If we make it to being a sustainable species, our offspring may look back to the 1969 landing on the moon as one turning point. Perhaps some of the science fiction coming out of the space age will be seen as inspiring a more grounded yet cosmic spirituality. And perhaps our offspring will also find meaning that Greenpeace, which a lot of people don’t yet realize started in Canada to protest U.S. nuclear weapons testing off Alaska, was created the same year as the first moon landing.
Until the moon landing, no human had ever seen or been able to vividly imagine planet earth, as a whole. Being a self-conscious and highly emotionally-vulnerable species, we couldn’t imagine ourselves in any other way than being at the centre of the universe. This was true whatever our cosmology. It was our group and our lives that mattered most.
Egocentrism and geocentricism reinforced each other, whether living in tribal, peasant or industrial circumstance. Armed with such beliefs we felt we had some control; with the help of fear-based beliefs we created powerful systems of domination. Sometimes we dominated people in our group; sometimes we dominated other people as well. All this is at the root of today’s global-ecological loss of control. Something fundamental went adrift on “paradise” earth.
HUMBLED BY GAIA
Seeing the “blue pearl” from outer space humbled the astronauts, and perhaps the image of the planet burned into our heart and brain is starting to humble us all. From out there, humanity seems meshed with the planet. From out there, distinctions among humans and between humans and other creatures seem superficial, even irrelevant. From out there, the industrial-economic institutions that are mostly responsible for today’s ecologic blowback, don’t seem to dominate the planet. Huge toxic scars left from such mega-projects as the tar sands are still dwarfed by the natural systems; the oceans and atmosphere encircling the planet.

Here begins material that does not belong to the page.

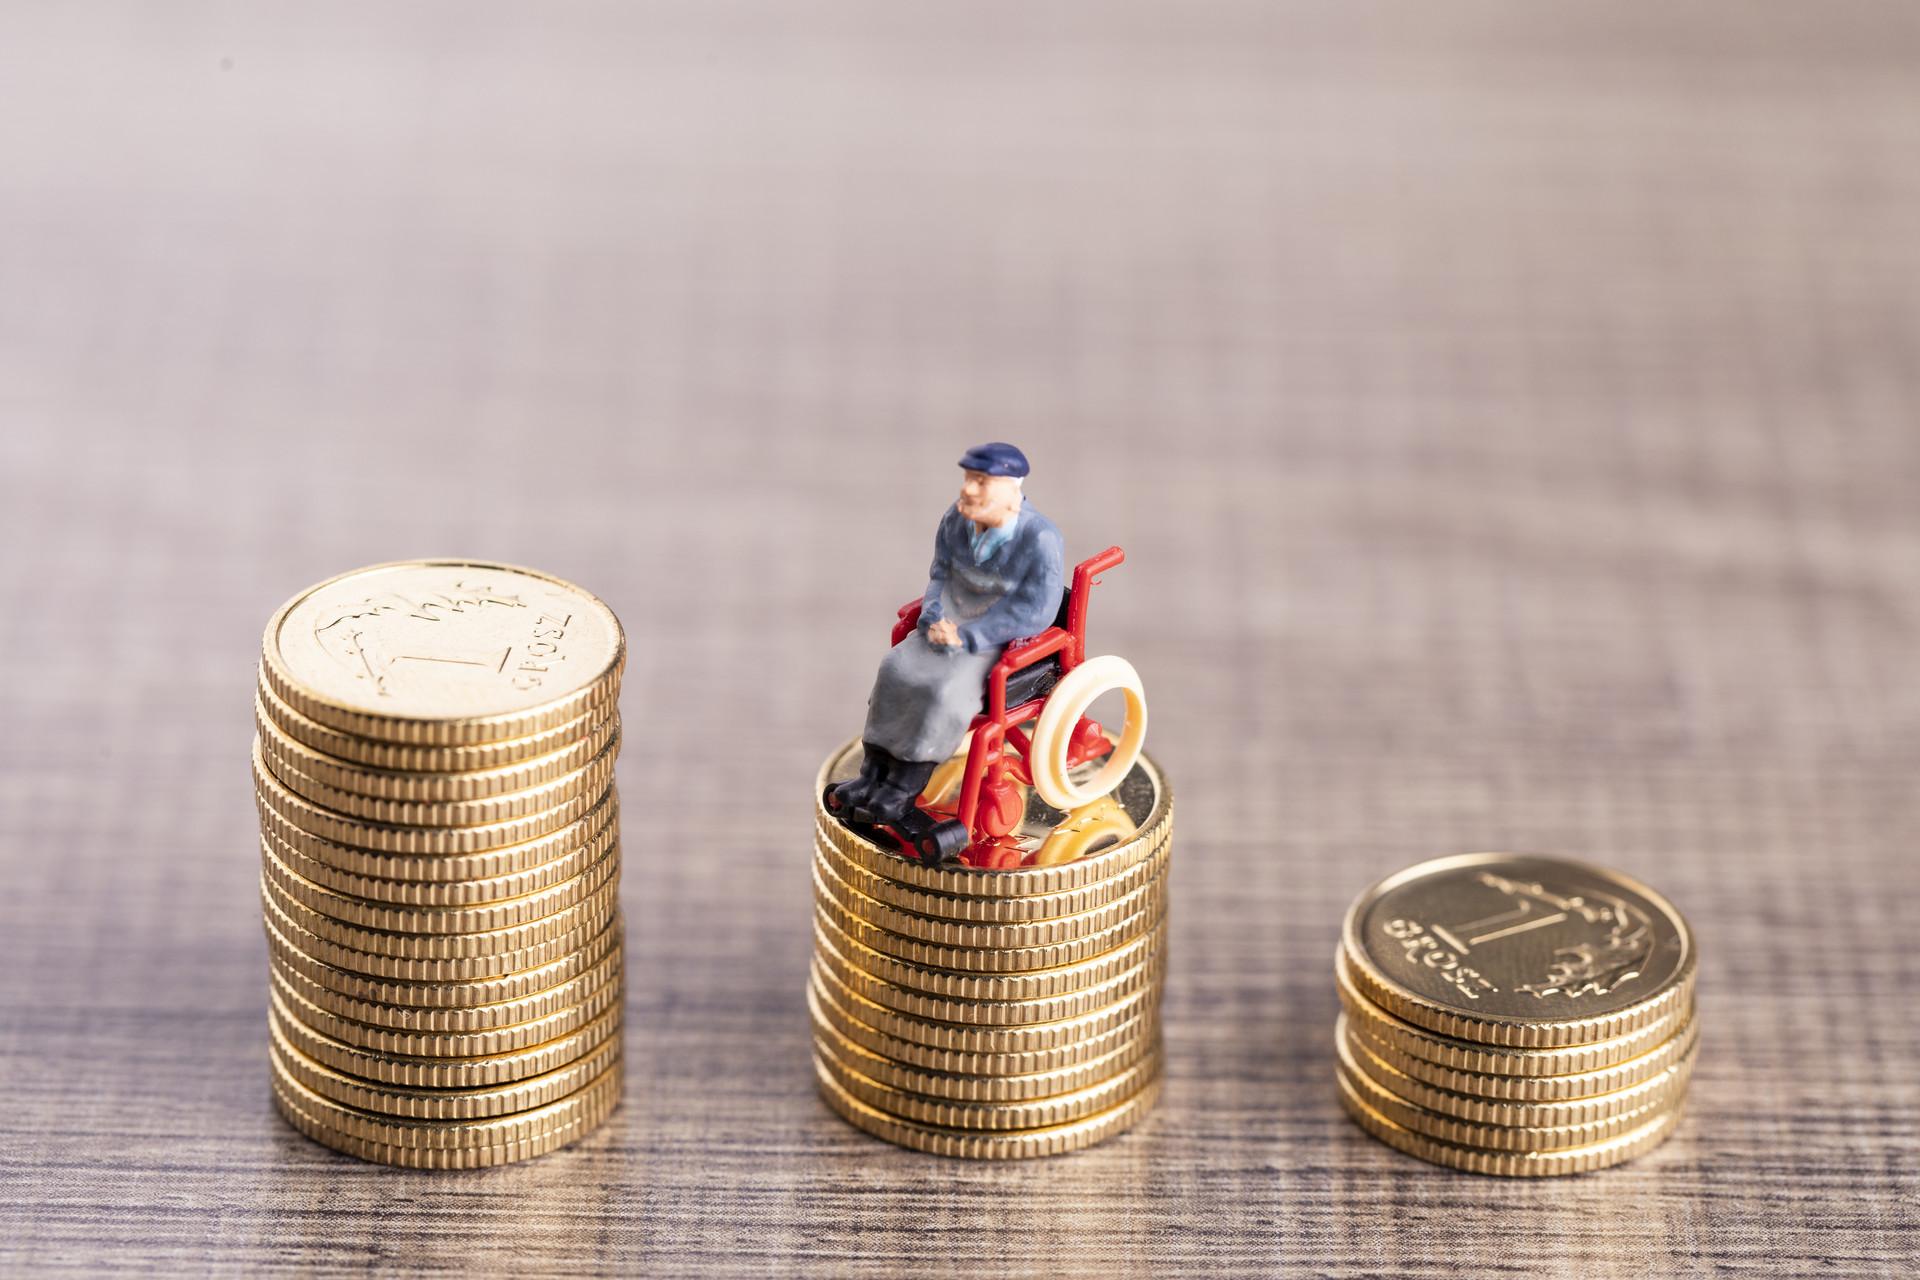 養老金發放是否有保障?公積金提取是否受影響?多部門回應

Perhaps the perspective from “out there” is close to what we imagined to be an all-knowing god, looking out for, and over, us. But that would be our perception, so let’s finally take responsibility for the consequences of our actions.
Gaian philosopher Lovelock has noted, “As we move in towards the Earth from space, first we see the atmospheric boundary that enclosed Gaia; then the borders of an ecosystem such as the forests; then the skin or back of living animals; further in are the cell membranes; and finally the nucleus of the cell and its DNA.” We can also reverse this perspective, so that we better grasp that humans co-exist with all other living beings within the biosphere. With imagination and science, we can go both ways; “out” into the cosmos, or “down” into the cellular level. But it’s not about continuing to see the world hierarchically. It’s more about fully experiencing our inter-Being. We co-exist within this beautiful web of life, which has boundaries of function and sentience, but no real borders when it comes to energy and existence.
Human borders, of course, continue to stand in the way of this awareness, and an eco-centric outlook can help surpass these – whether they come from creed, nation or empire. There are rigid borders of belief as well as defended borders of geography. And we are all indebted to groups like Amnesty International, Doctors without Borders, and to artists, film makers, musicians, educators, lawyers, engineers, and any other grouping that engages with the world, as it truly is, without borders. The globalization of corporate markets, which homogenize culture and undermine bio-diversity, is another matter. Creativity which truly “fuses” human traditions will continue to help overcome ego-centrism.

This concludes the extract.